Correction, I just checked my diary and I actually had the above dream on June 1st, 2020. I have been dreaming a lot lately. Wow! It's amazing how God talks in dreams to not only one or a few, but to many. Thank You Lord for revealing what You are doing to those who are hearing Your voice and linking us all up together with one voice in the Spirit. Hallelujah!


----------



## Maracujá (Aug 2, 2020)

Was listening to brother Zac Poonen one day and I'll never forget what he said. We're often taught that Jesus came to save us from death. But that's not true, in fact, we still die. What He came to save us from is sin. 'Sin' literally means 'missing the mark'. He came to save us from the love of money, which is the root of all evil. Focusing on money makes you miss the mark, because Jesus has urged us to love our fellow men. They ought to be the focus. 

In fact, though Jesus saved many while He was on earth, there is only one time in Scripture when He exclaimed: "Salvation has entered this home!" (Luke 19:8 - 10). That is when He saw a man use integrity in his dealings with money. 

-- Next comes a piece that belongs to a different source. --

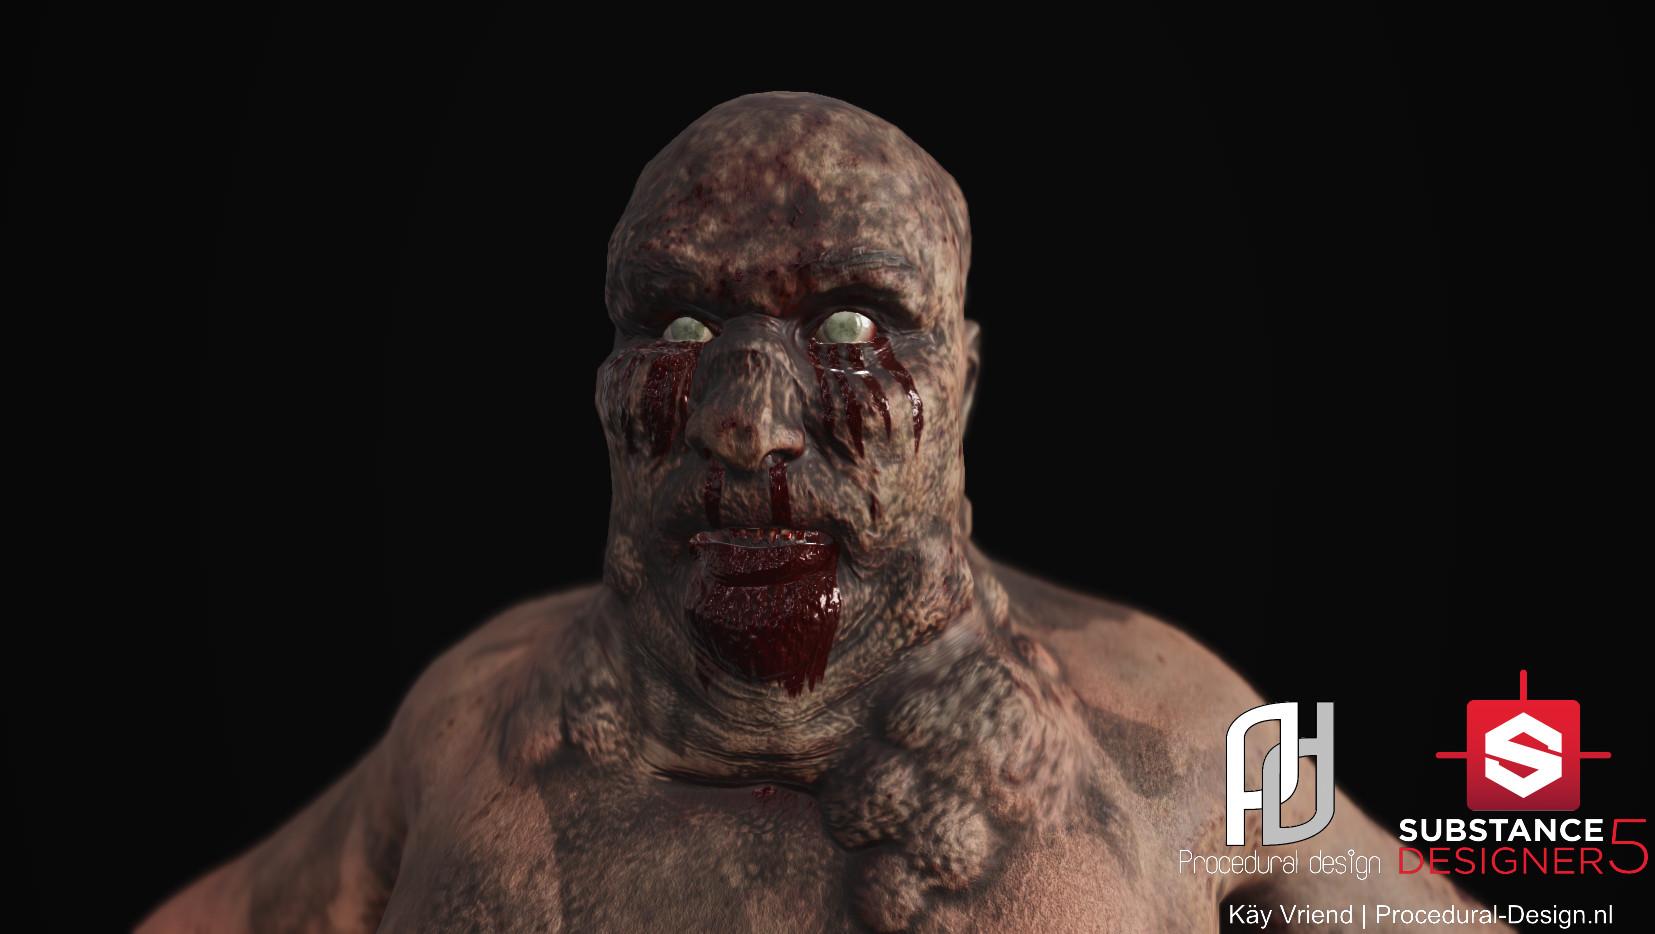 Kay vriend zombie 9
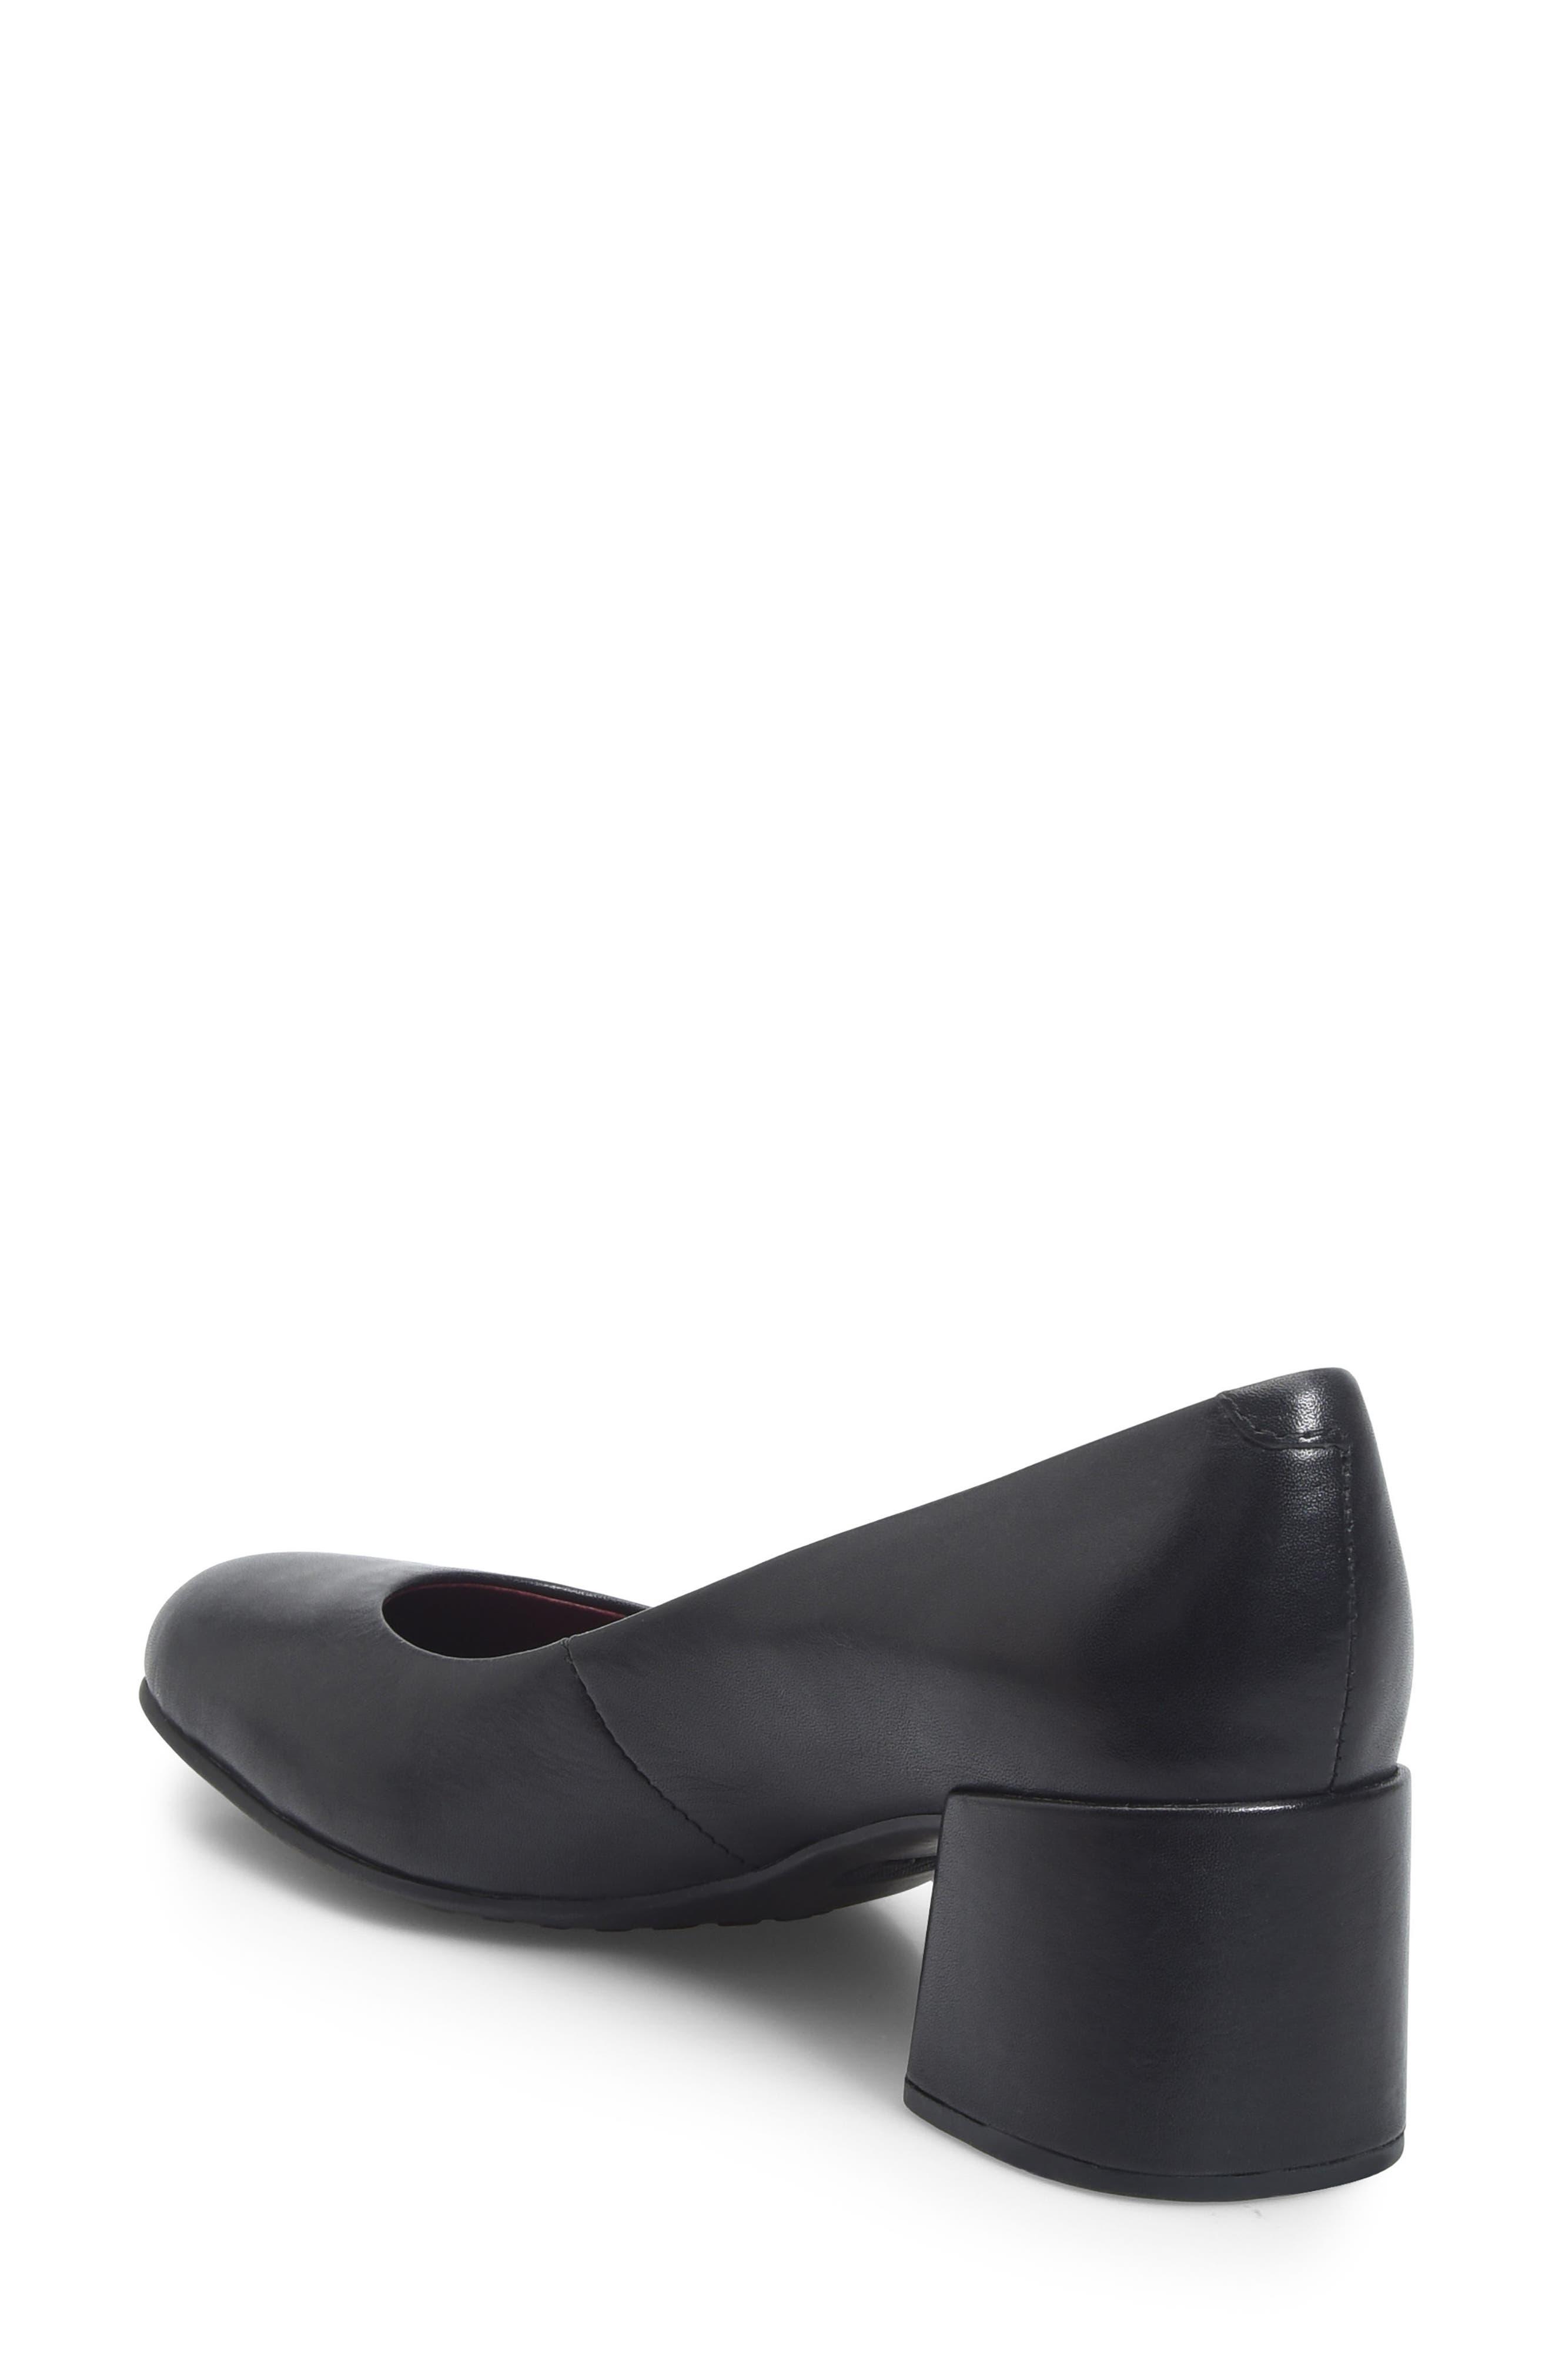 Magnolia Block Heel Pump,                             Alternate thumbnail 2, color,                             Black Leather

How does this play out in everyday life? Co-workers who never bother to memorize other co-workers' names, because as soon as they walk into the office, their focus is turned towards performance, so as to make more money. Family members who would rather save money, than run up their phone bill, so they never check up on you by phone. People in the morning, who are so rushed to get to work on time, so they never look up, to see whether they might recognize someone they know and have a meaningful conversation with them. And so on and so forth.


----------



## lesedi (Aug 3, 2020)

I needed to read a lot of this. Thank you.


----------



## Aggie (Aug 5, 2020)

Maracujá said:


> Was listening to brother Zac Poonen one day and I'll never forget what he said. We're often taught that Jesus came to save us from death. But that's not true, in fact, we still die. What He came to save us from is sin. 'Sin' literally means 'missing the mark'. He came to save us from the love of money, which is the root of all evil. Focusing on money makes you miss the mark, because Jesus has urged us to love our fellow men. They ought to be the focus.
> 
> In fact, though Jesus saved many while He was on earth, there is only one time in Scripture when He exclaimed: "Salvation has entered this home!" (Luke 19:8 - 10). That is when He saw a man use integrity in his dealings with money.
> 
> How does this play out in everyday life? Co-workers who never bother to memorize other co-workers' names, because as soon as they walk into the office, their focus is turned towards performance, so as to make more money. Family members who would rather save money, than run up their phone bill, so they never check up on you by phone. People in the morning, who are so rushed to get to work on time, so they never look up, to see whether they might recognize someone they know and have a meaningful conversation with them. And so on and so forth.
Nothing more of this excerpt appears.